DEPARTMENT OF COMPUTER SCIENCE
DOCTORAL DISSERTATION DEFENSE


Candidate: V. Sundareswaran
Advisor: Robert Hummel

Global Methods for Image Motion Analysis

2:00 p.m., Friday, October 2, 1992
12th floor conference room
719 Broadway




Abstract

Processing motion information is an important problem in building automated vision systems. A moving sensor can obtain knowledge about the environmental layout, its own motion, and motion of objects in the scene by processing the temporal information in the imagery. We provide algorithms that can determine self-motion (or egomotion) by observing a sequence of images produced by a moving sensor in a rigid, stationary environment. The algorithms make use of optical flow information extracted from the sequence, and unlike most alternative methods, are global and robust to inaccuracies in the flow data.

Two algorithms are presented.
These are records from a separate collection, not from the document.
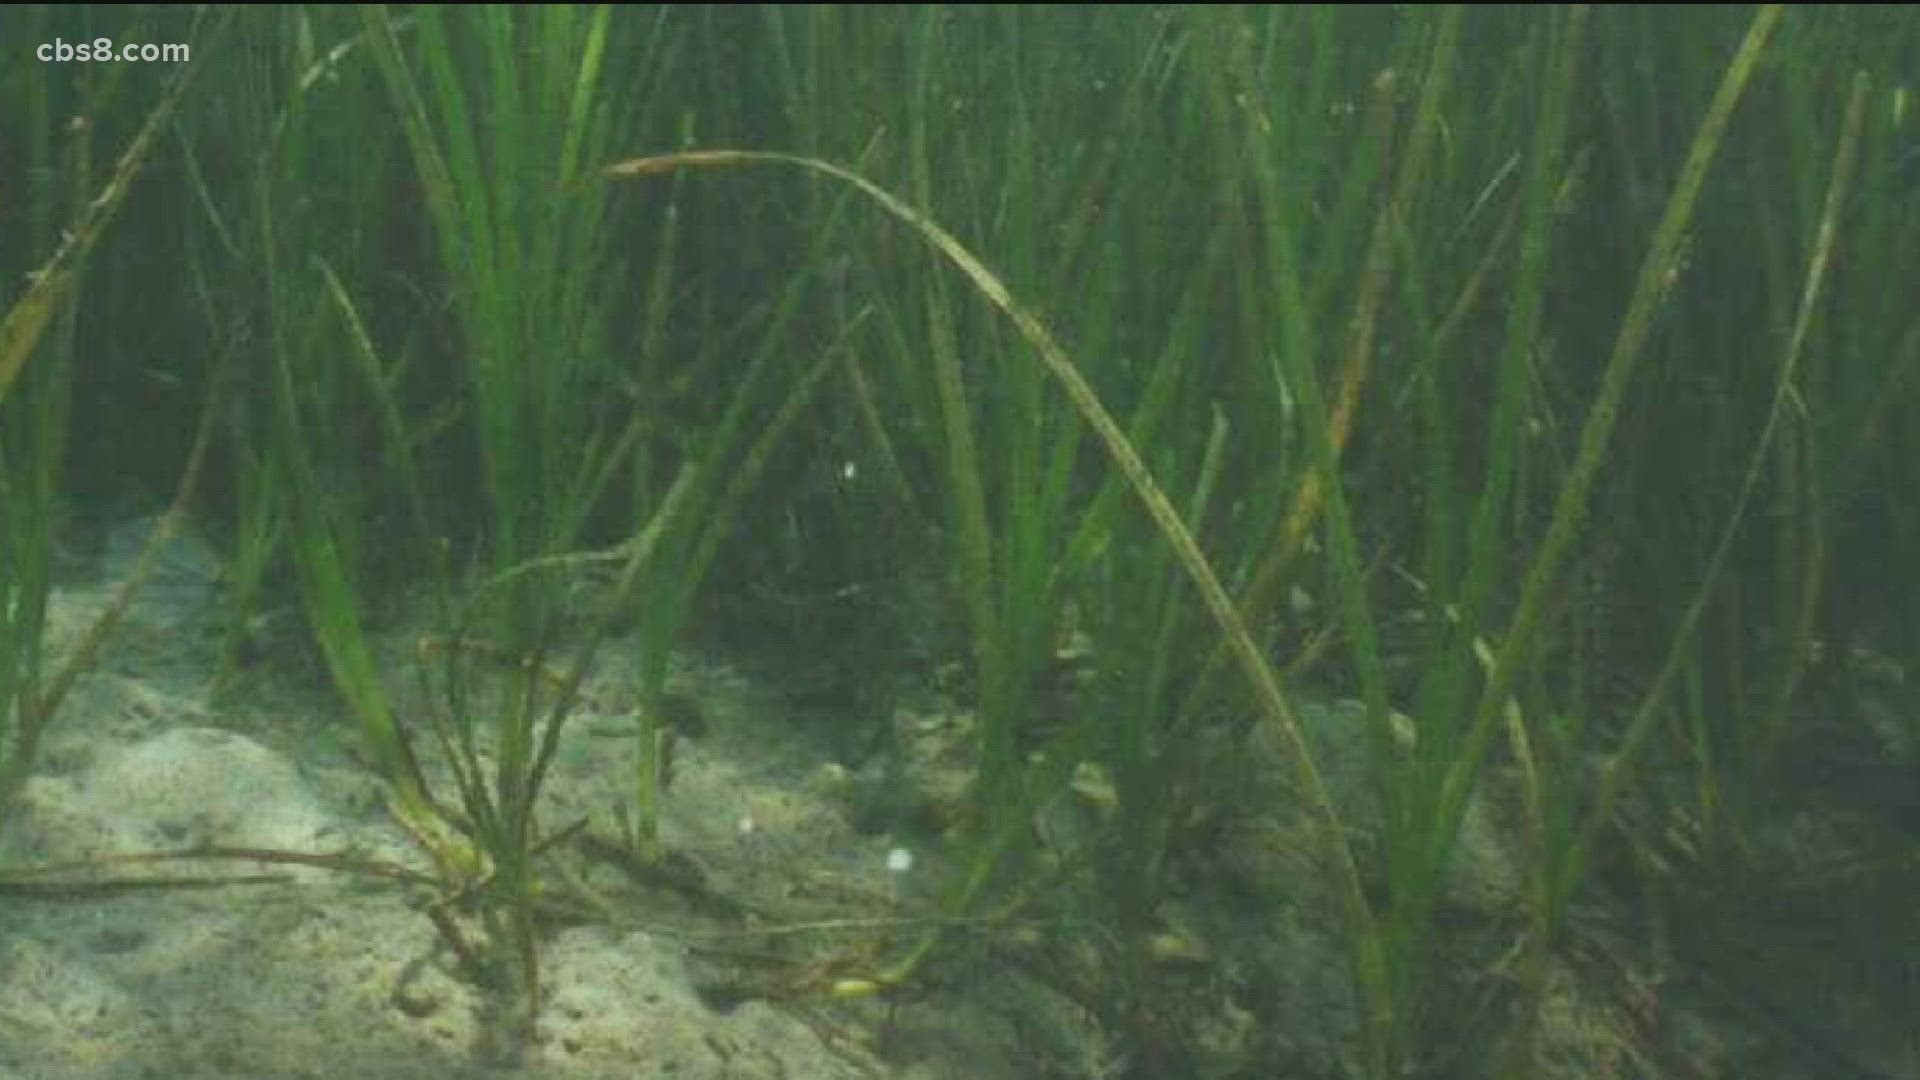 According to research, eelgrass and the soil it grows in can trap carbon from the atmosphere for thousands of years and can store 30 to 50 times that of forests.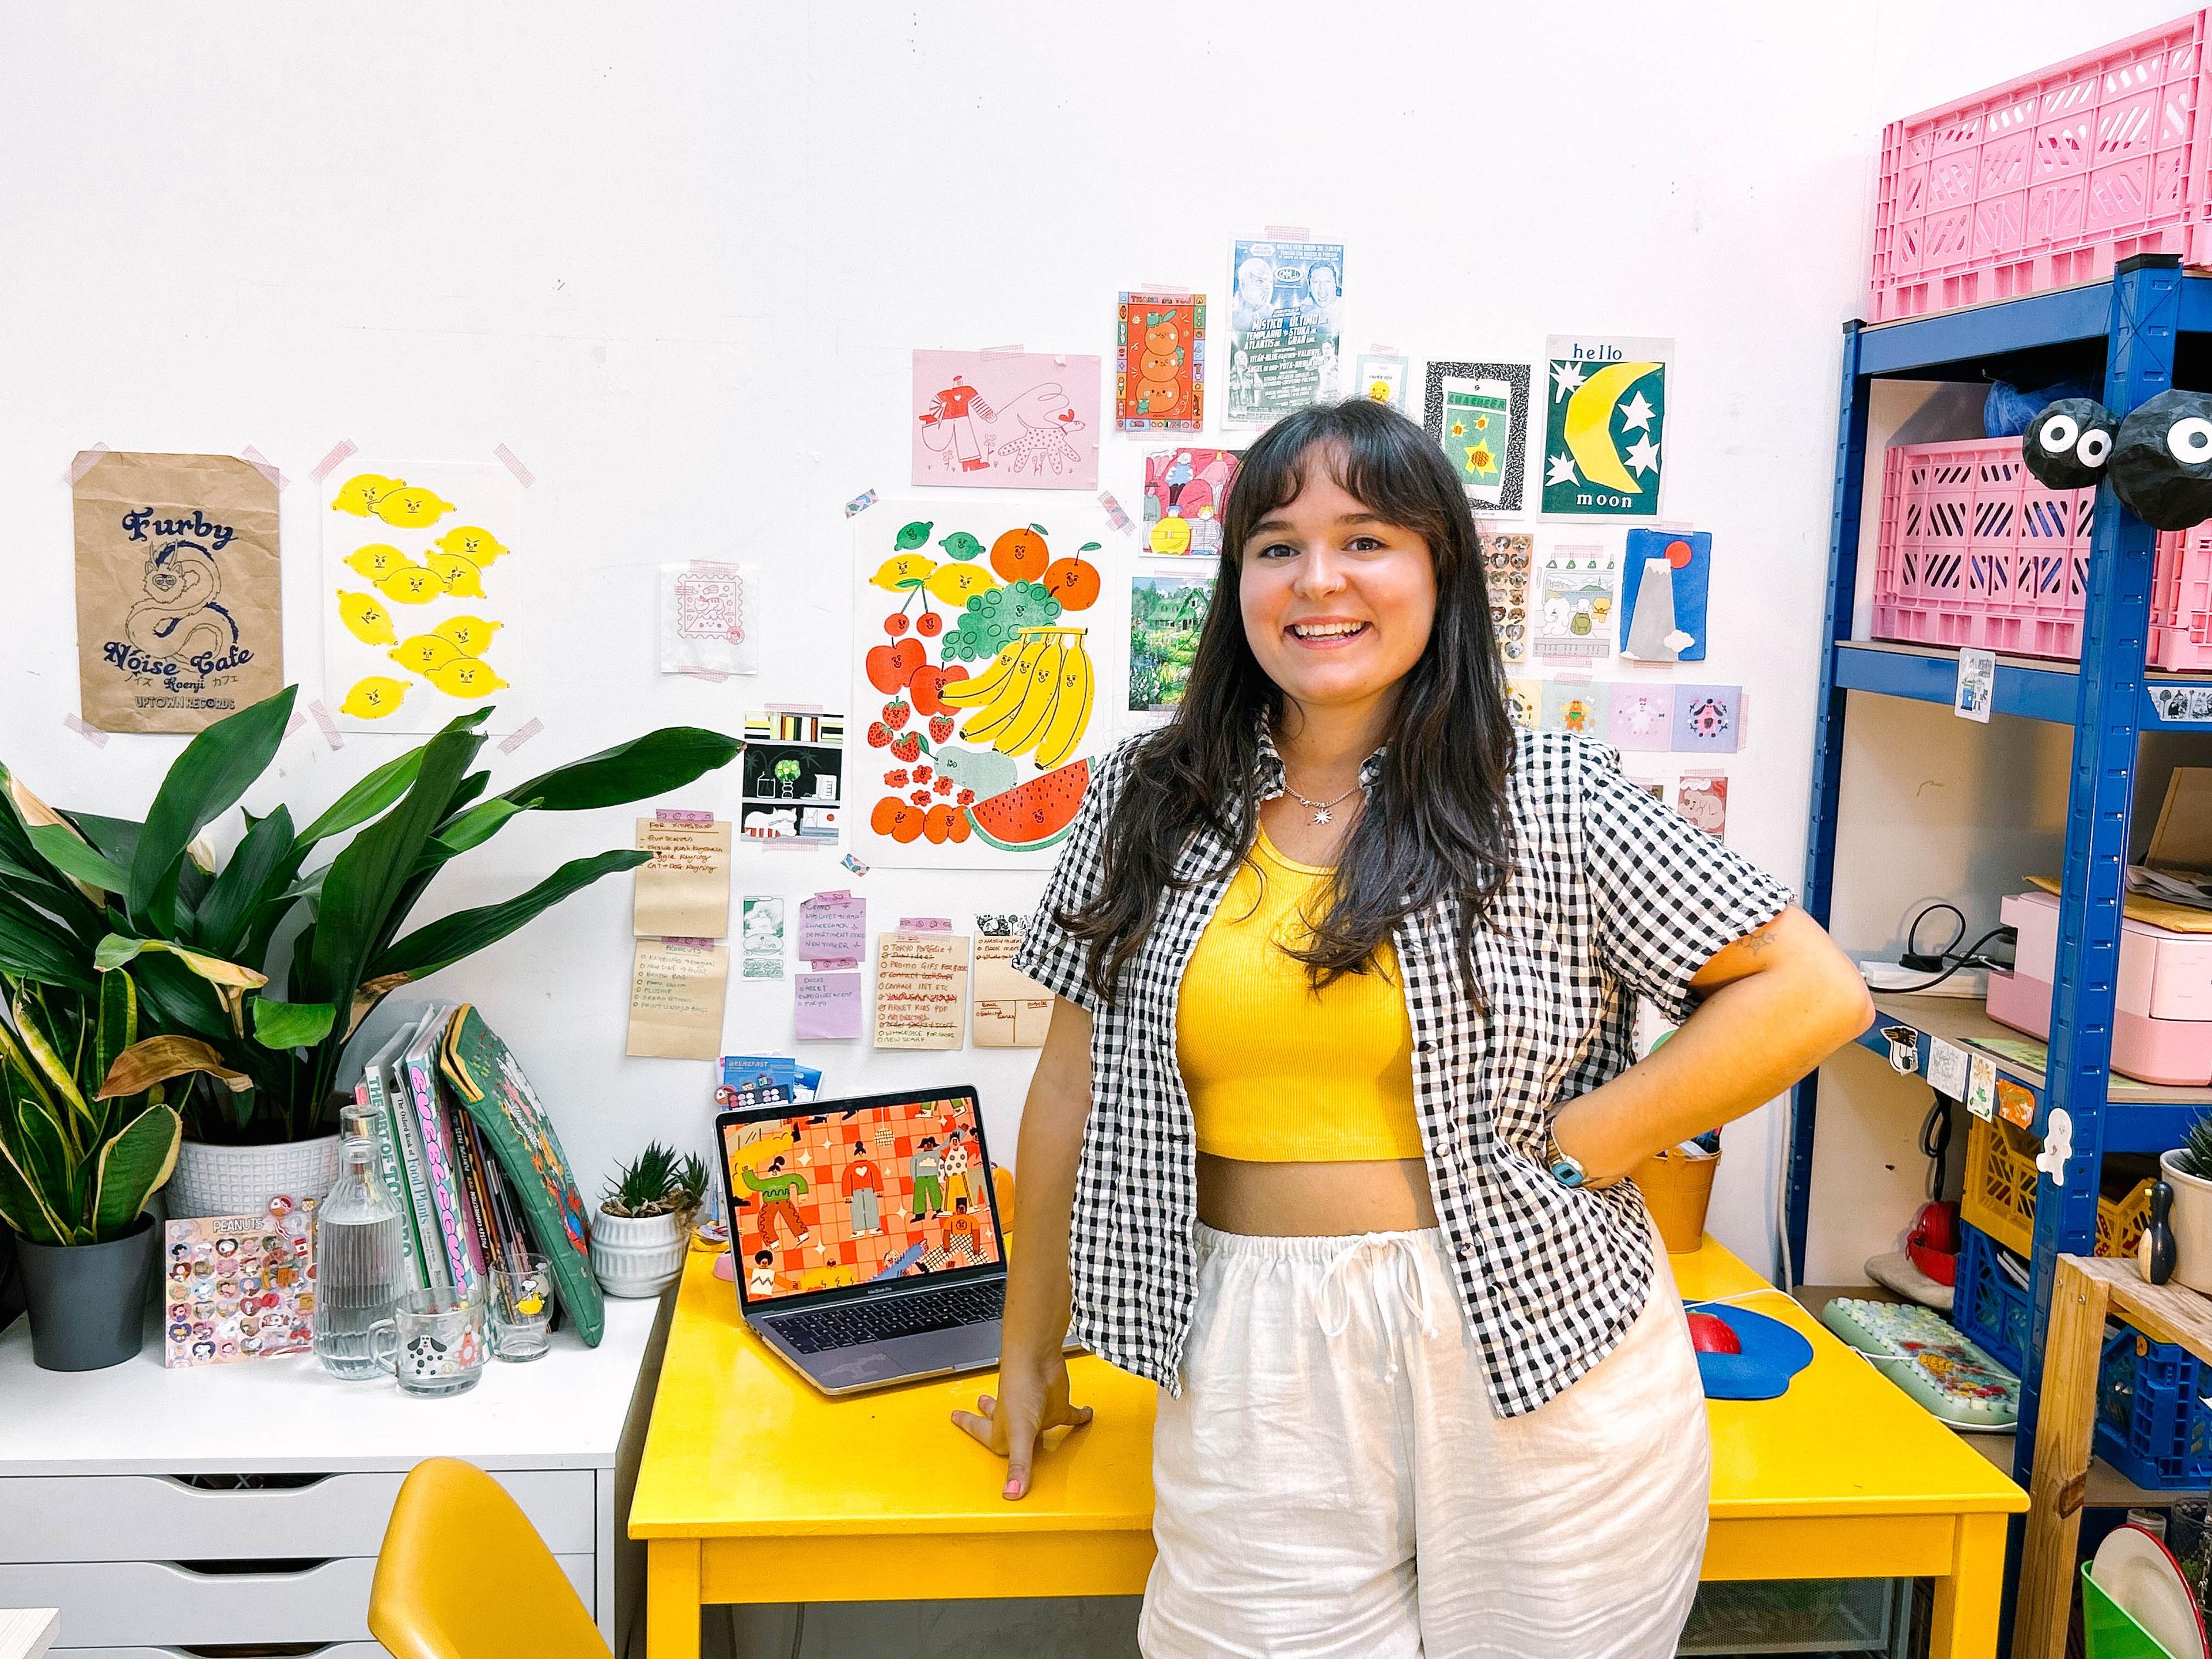 A person in a colourful studio space leaning on a desk looking ahead smiling. There are artworks stuck on the wall.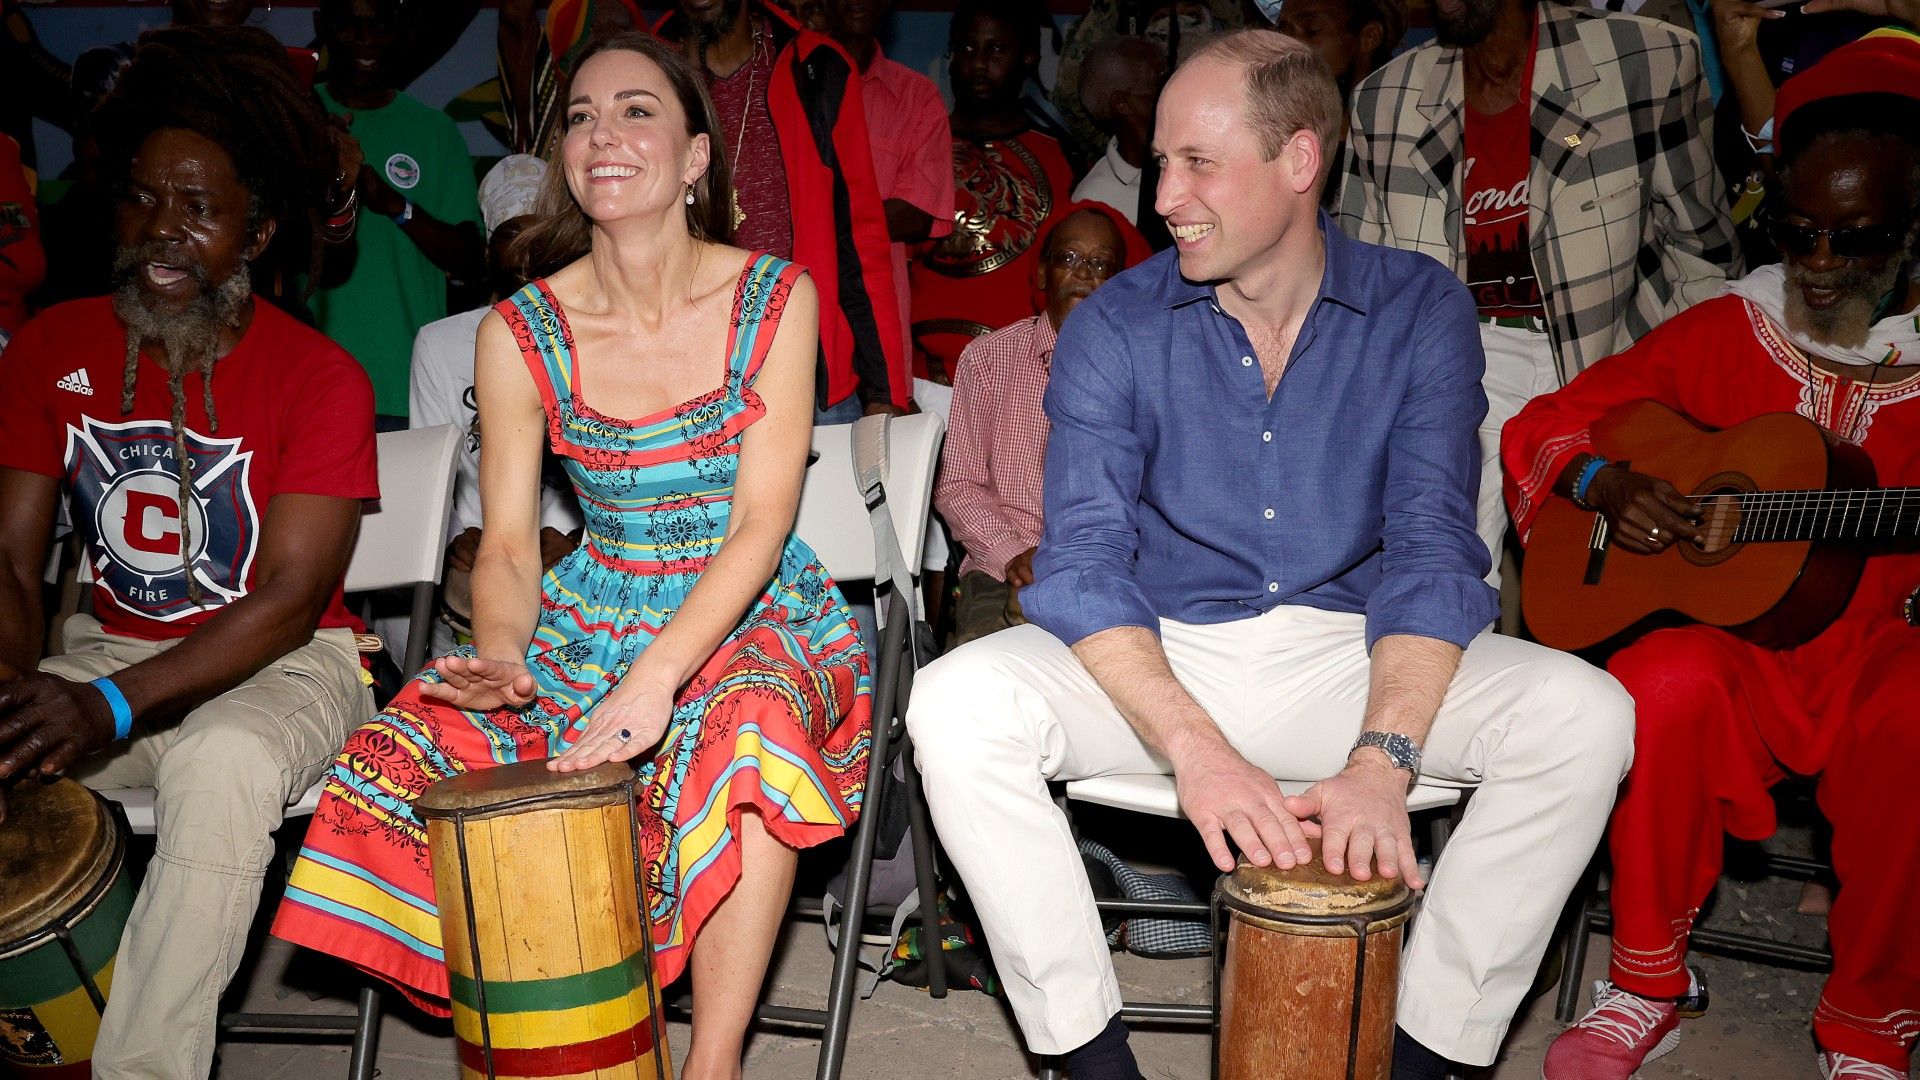 <p>                     Being in the Caribbean - a place known for inspiring music from the likes of Bob Marley - must have really stirred something in William and Kate during their 2022 overseas tour.                   </p>                                      <p>                     Letting their hair down (metaphorically for William, literally for Catherine) the pair got in on the fun and made their own kind of music, banging away on some drums as they were supported by various other musicians.                   </p>                                      <p>                     The musical moment took place when they visited Trench Town Culture Yard Museum, where Bob Marley used to live.                   </p>

Both algorithms assume that the first stage of visual motion analysis, the computation of an image vector flow field that describes the instantaneous motion of individual points, has been solved.

The first algorithm, the flow circulation algorithm, determines the rotational parameters using the curl of the flow field, which under many conditions is approximately a linear function. The coefficients of the linear function, which may be determined by simple regression, are the desired rotational parameters. Circulation values, defined to be contour integrals of the vector field on the image plane, may be used in place of curl values, resulting in robustness. The second algorithm determines the translational parameters of the motion. The inner product of the image vector flow field and a certain circular vector field gives rise to a scalar function that is of a particular quadratic polynomial form when the center of the circlular field is chosen appropriately. This correct choice of the center is related to the translational parameters and can be found by projecting the inner product function onto suitable subspaces determined by the quadratic polynomial form. Three different methods, of increasing complexity and accuracy, are developed. A fourth, fast but approximate method is also presented.

The algorithms are described, analyzed and experimental results are shown. The thesis contains mathematical observations that provide insight into the problem of motion analysis, and experimental observations that demonstrate the applicability of the algorithms.